Para o sistema de saúde local (SUS), o cenário significa maior demanda por vigilância e atendimento: mais casos suspeitos, necessidade ampliada de leitos, exames diagnósticos e campanhas de prevenção. É importante que a população reconheça sinais precoces, como febre, dor retro-orbital, dores articulares e manchas na pele. Triagem rápida nas unidades básicas reduz a sobrecarga dos hospitais.

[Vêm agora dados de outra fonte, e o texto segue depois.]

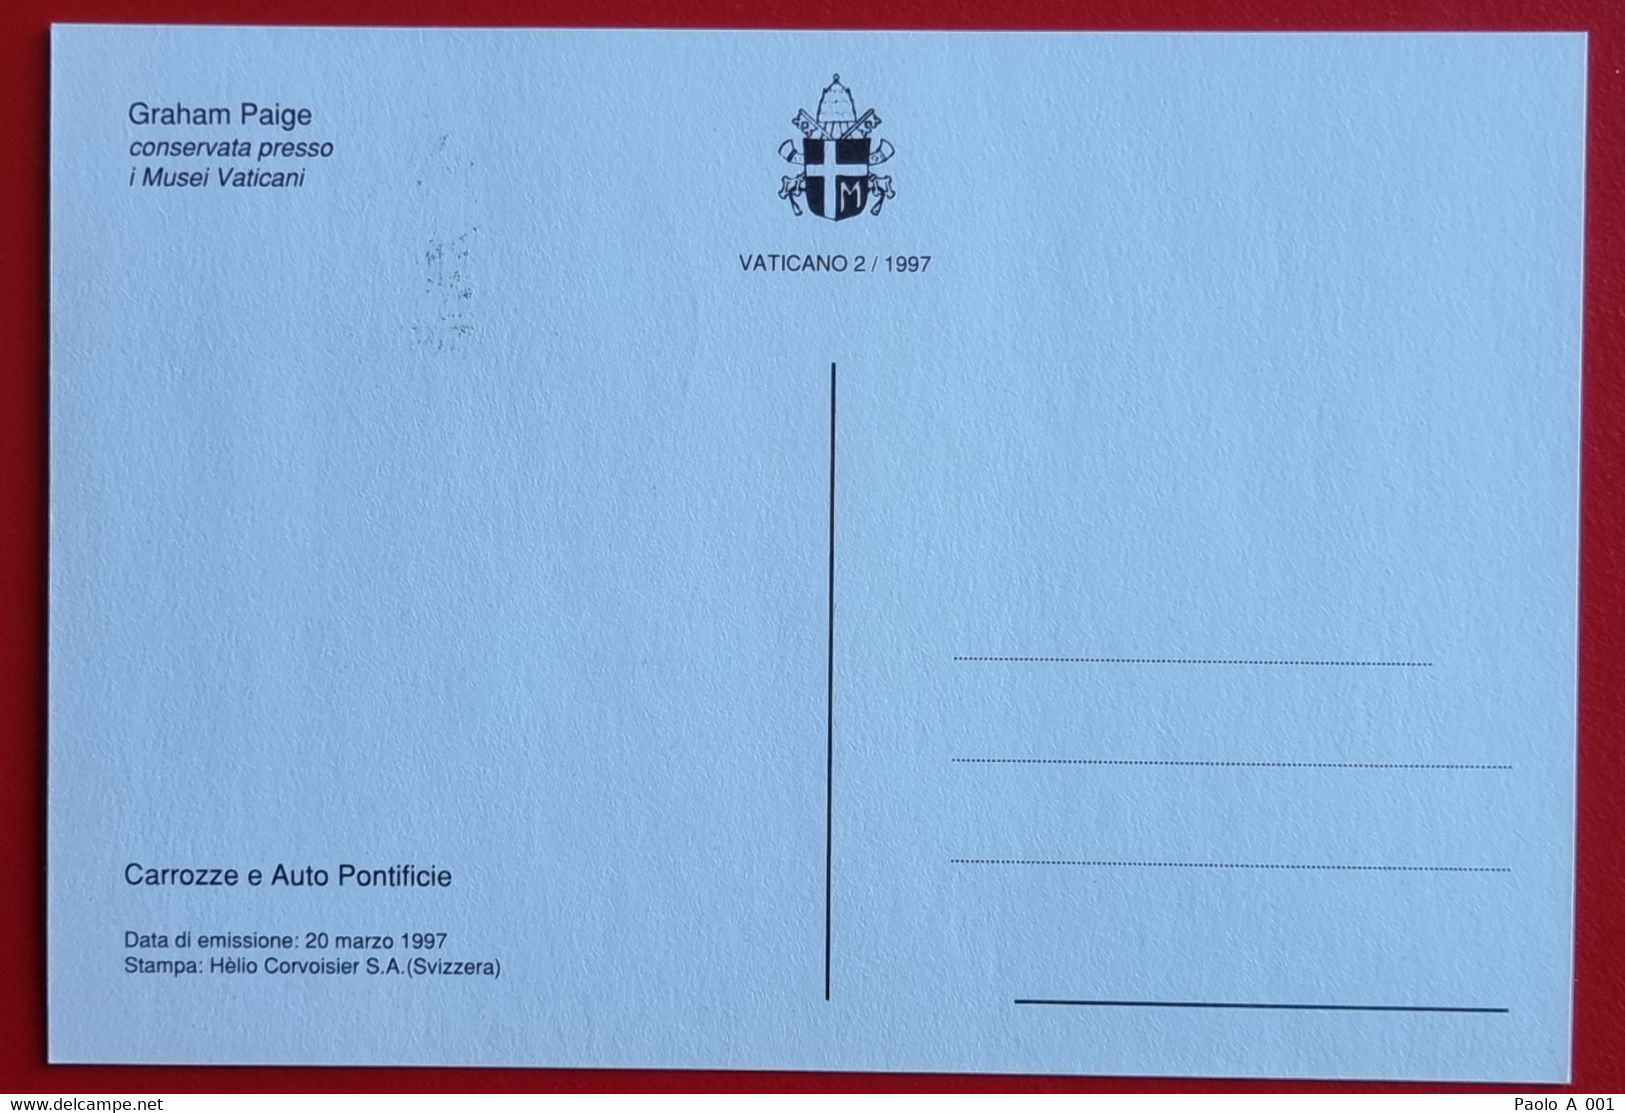 VATICANO VATIKAN VATICAN 1997 CAROZZE AUTO PONTIFICE POPE COACH CARS LIMOUSINE MAXIMUM-CARD GRAHAM PAIGE - Lettres & Documents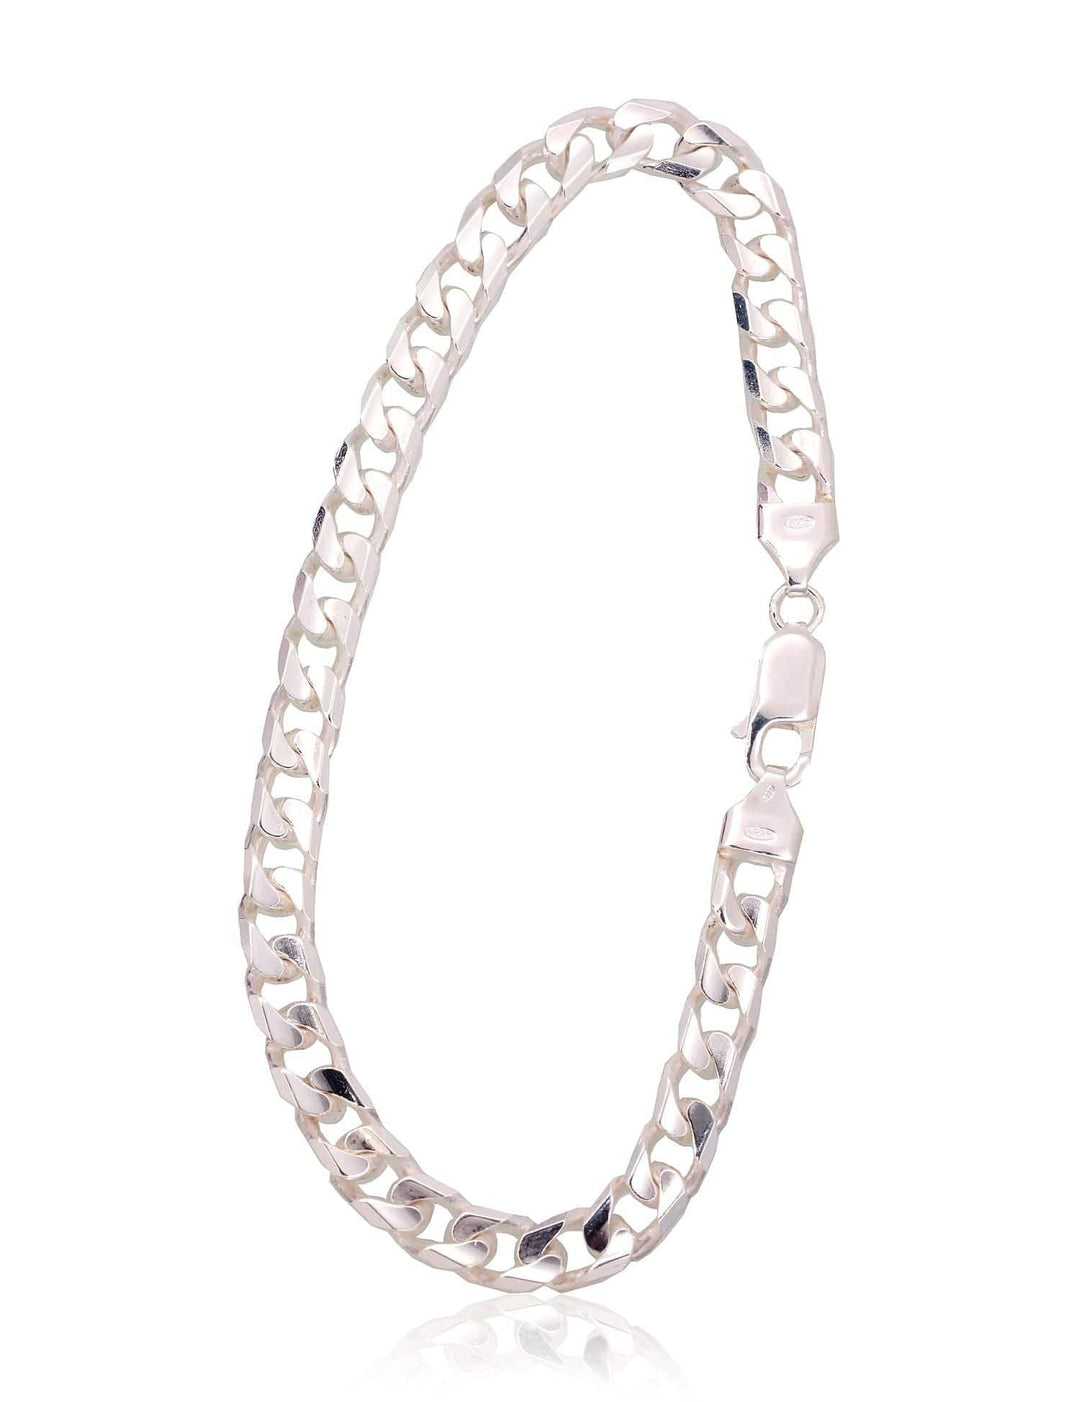 Hõbekett Curb 6 mm , kantide teemanttöötlus #2400146-bracelet, Hõbe 925° - Premiumkellad

Entre as principais ações para gestores municipais de saúde destacam-se: intensificar a vigilância entomológica e as campanhas de eliminação de criadouros antes do período de maior risco; priorizar vacinação e protocolos disponíveis para arboviroses; capacitar equipes de saúde para manejo de casos; e fortalecer a comunicação de risco à população, reforçando que eliminar recipientes com água parada é a medida central de controle. A articulação com o setor agrícola é fundamental para evitar acúmulo de plásticos, tambores e pneus em propriedades rurais, que podem funcionar como criadouros.

Para fins de planejamento e comunicação, é útil solicitar ou produzir: mapas de anomalia de precipitação por trimestre; mapas de risco hídrico em nível de microbacia; mapas de capacidade de reservação por município; e mapas de vulnerabilidade social correlacionados ao risco de infestação de Aedes.

Nas entrevistas, vale priorizar perguntas sobre experiências em eventos anteriores de seca ou excesso de chuva, ações já implementadas, limitações de estrutura e necessidades de apoio técnico e financeiro. Essas informações ajudam agricultores, gestores e cidadãos da Alta Mogiana a transformar as previsões climáticas em decisões concretas no campo, na gestão da água e na proteção da saúde.